OGG only supports Vorbis, Opus, and FLAC as its audio codecs. Broadcast TS files almost always carry audio in AAC, AC3 (Dolby Digital), or occasionally MP2 — none of which are valid inside an OGG container. This means a full transcode is unavoidable: the source audio is decoded to raw PCM and then re-encoded to Vorbis. There is no lossless path from AAC or AC3 to Vorbis; some quality loss occurs as a result of this transcode.
Vorbis uses a variable bitrate quality scale from 0 (lowest) to 10 (highest), where -q:a 4 targets roughly 128 kbps. For most broadcast audio sources — which are typically encoded at 128–192 kbps AAC or 192–384 kbps AC3 — a Vorbis quality of 4 produces good perceptual quality with a modest file size. To match higher-quality broadcast audio more closely, you could raise the value to -q:a 6 or -q:a 7 in the desktop FFmpeg command, which targets approximately 192–224 kbps.
Replace the '4' in '-q:a 4' with a value between 0 and 10. For example, 'ffmpeg -i input.ts -c:a libvorbis -q:a 6 output.ogg' produces higher-quality audio at a larger file size, while '-q:a 2' produces a smaller file with more audible compression artifacts. The scale is not linear in bitrate terms — values 4 through 6 cover the most commonly useful range for broadcast-quality source material.

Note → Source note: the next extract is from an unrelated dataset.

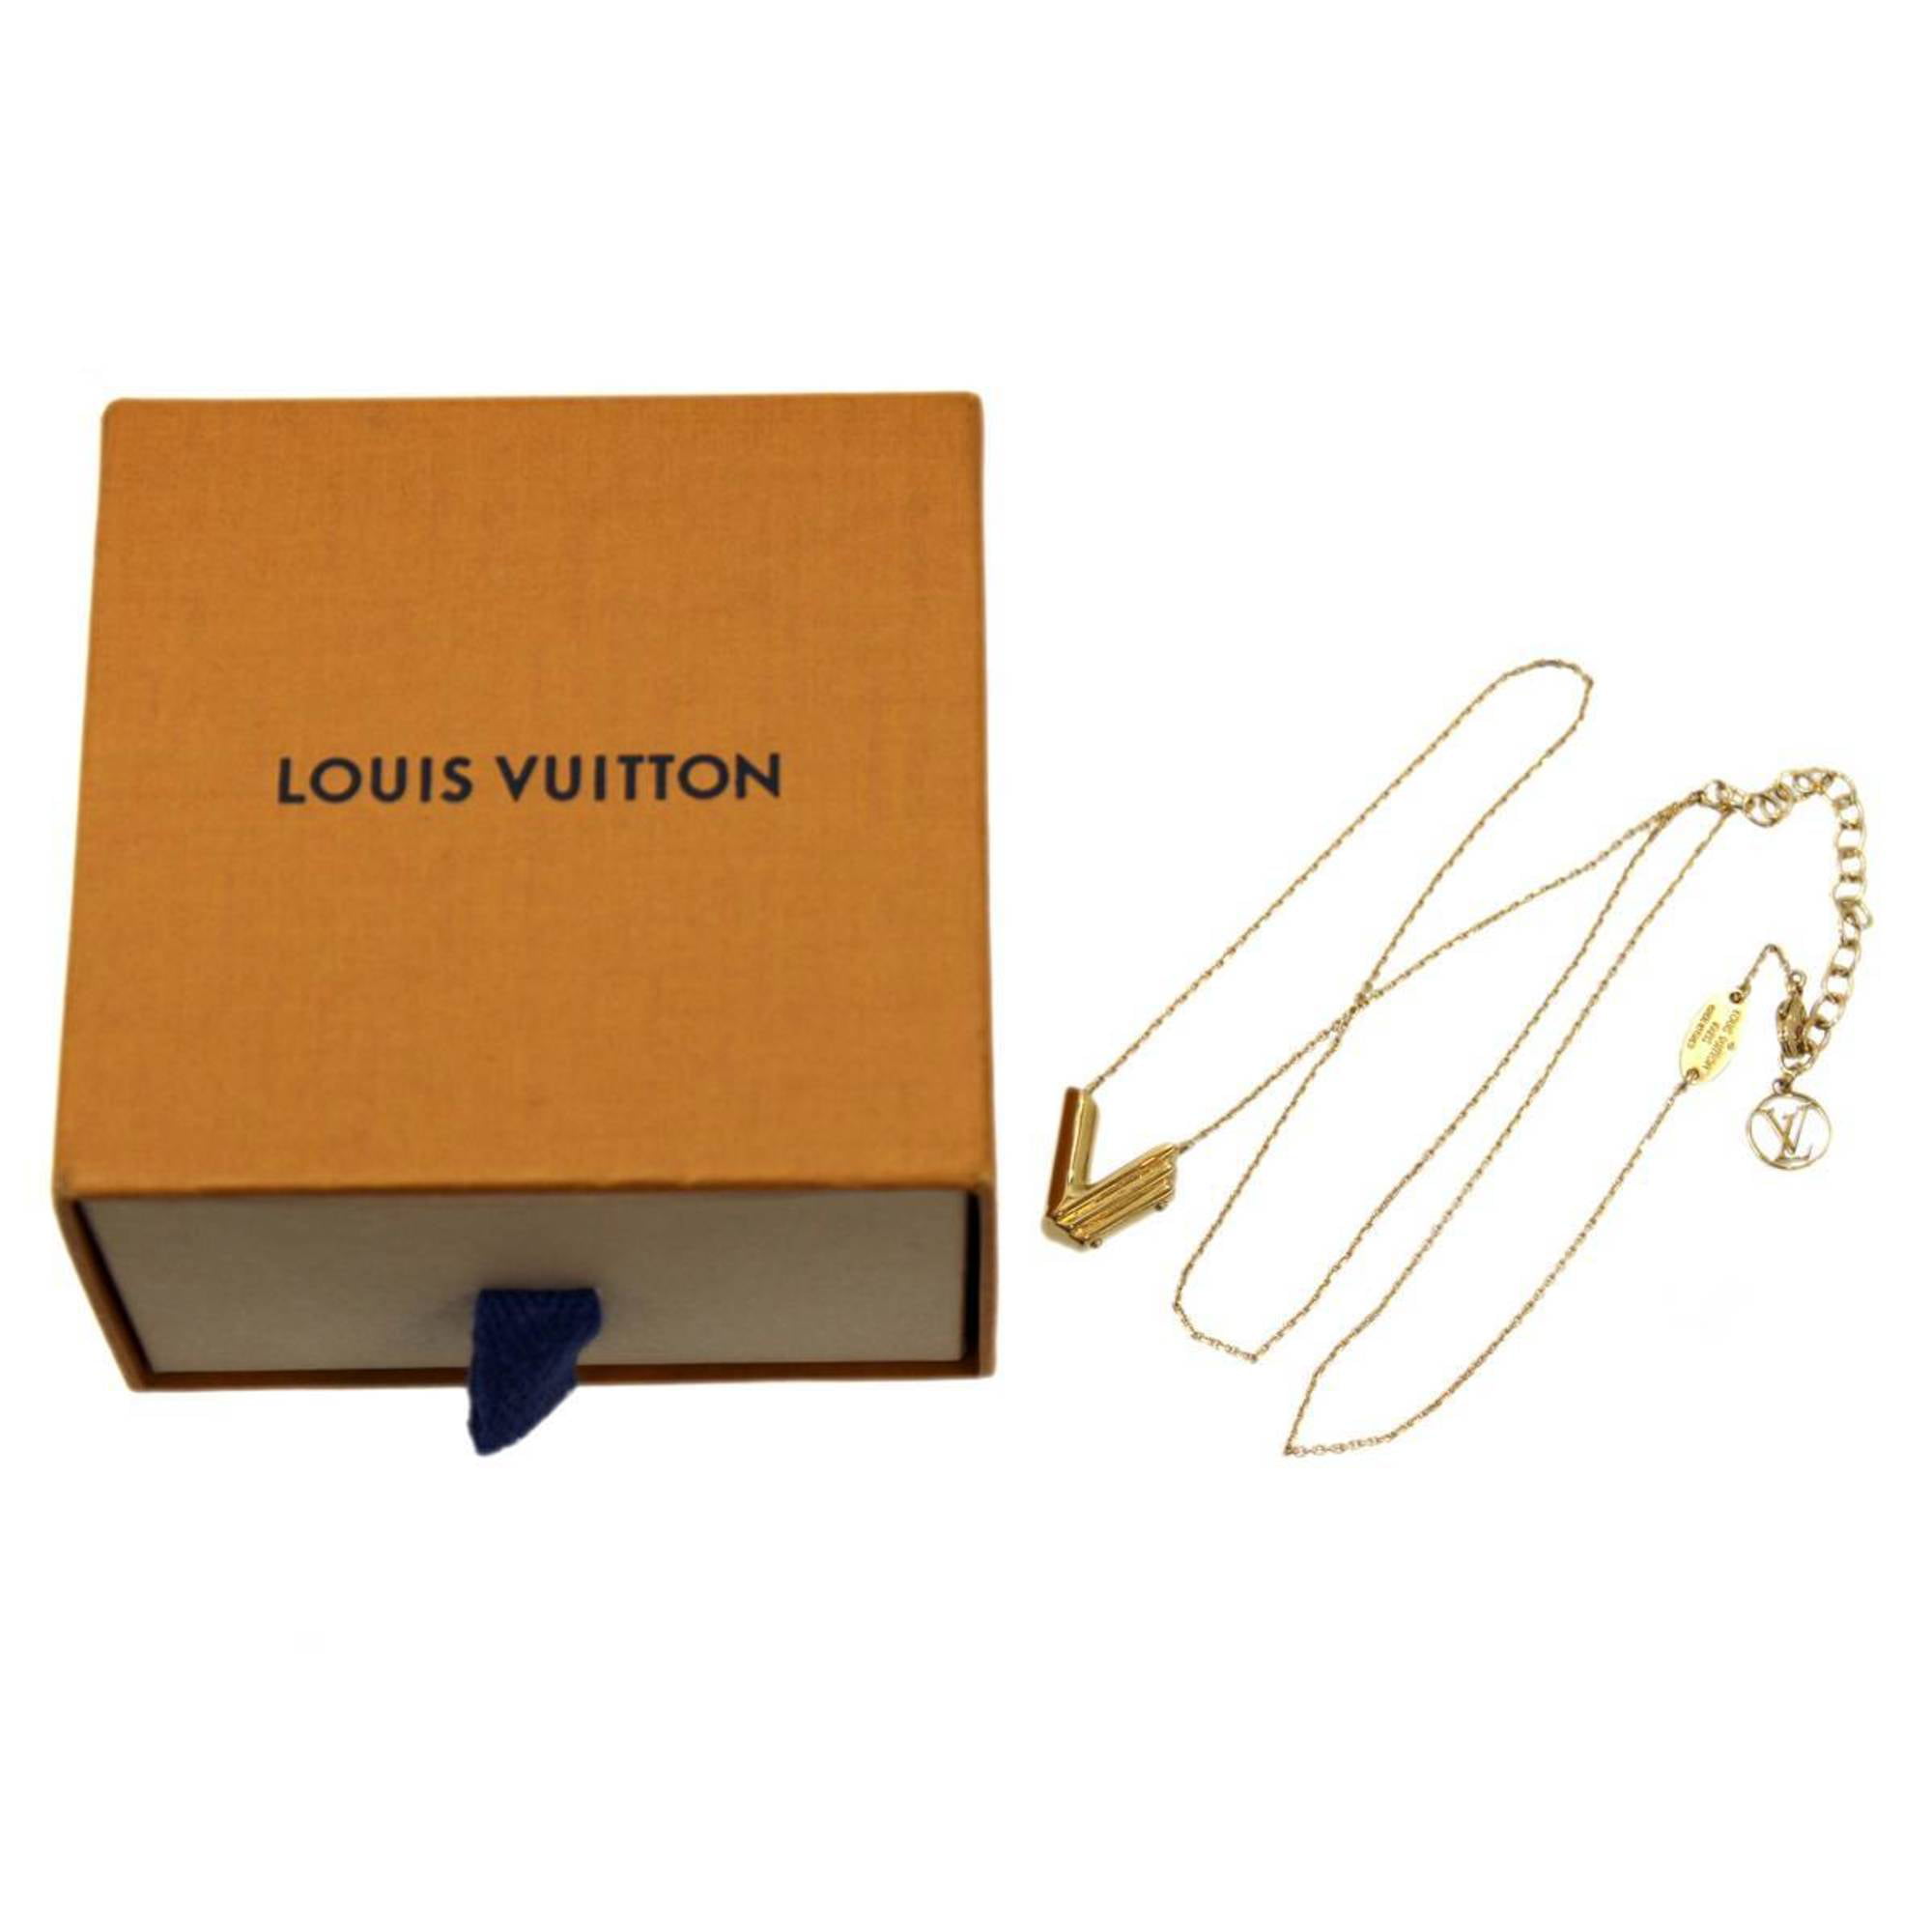 Louis Vuitton Clasp -  Singapore
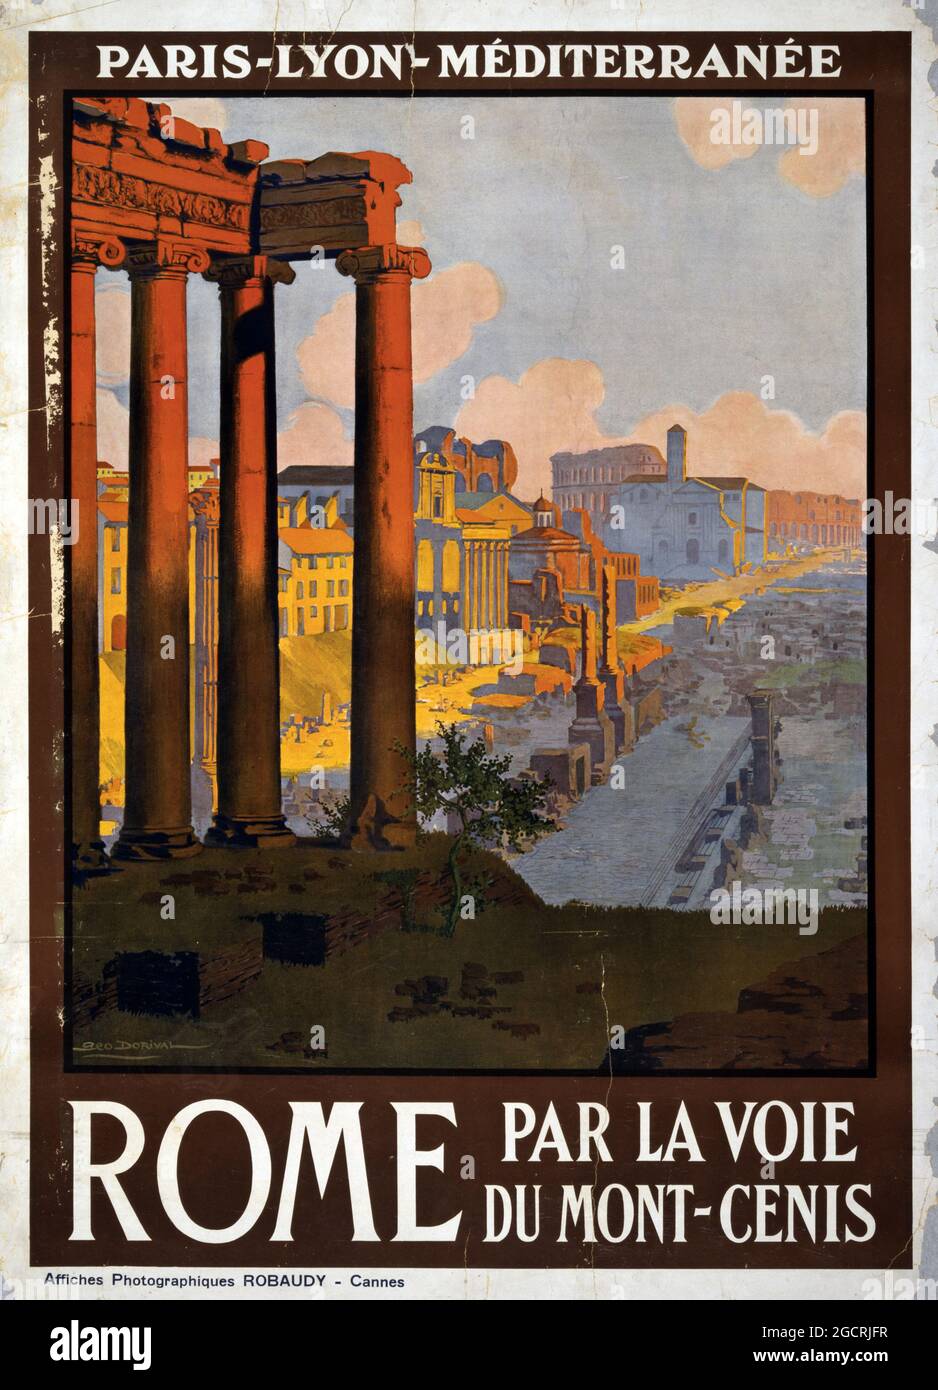 Rome par la voie du Mont-Cenis – affiche de voyage d'époque Italie. Publicité rétro. Œuvres d'art de Geo Dorival des années 1920. Banque D'Images

Subtitles embedded in the TS stream will not be transferred to the OGG file. Although OGG does support chapter markers in its metadata, FFmpeg does not automatically map TS subtitle streams or timing cues to OGG chapter data during this conversion. Any subtitle or DVB teletext streams present in the source TS file are simply dropped. If preserving subtitles is important, a different output format would be more appropriate.
TS files contain a full video stream alongside the audio, and the video typically accounts for 90–98% of the file size. Removing the video and encoding only the audio track as Vorbis at -q:a 4 will reduce a typical broadcast TS file to roughly 2–8% of its original size. For example, a 1 GB one-hour TS recording might produce an OGG audio file of around 50–80 MB, depending on the original audio bitrate and content.

Technical Notes

TS is a multiplexed container format designed for resilient broadcast delivery; it uses fixed-size 188-byte packets and can carry multiple programs, each with their own video, audio, and data streams. When demuxing, FFmpeg must parse the Program Specific Information (PSI) tables to identify which PIDs carry audio. The audio codec in a broadcast TS is most commonly AAC-LC or AC3, both of which require full decoding before re-encoding to Vorbis — there is no stream copy shortcut. OGG/Vorbis supports metadata tags (artist, title, album, etc.) but broadcast TS files rarely carry rich metadata, so the OGG output will typically have minimal or no tags. OGG does not support subtitles, so any DVB subtitle or teletext streams in the TS are silently discarded. Multiple audio tracks in the TS (e.g., stereo main + SAP) require explicit stream mapping to extract and are not handled automatically. The OGG format supports chapters natively via Ogg skeleton or comment headers, but FFmpeg does not populate these from TS timing data without additional configuration. For very long broadcast recordings, be aware that Vorbis encoding is CPU-intensive compared to a simple remux, so conversion time will be proportional to the audio duration.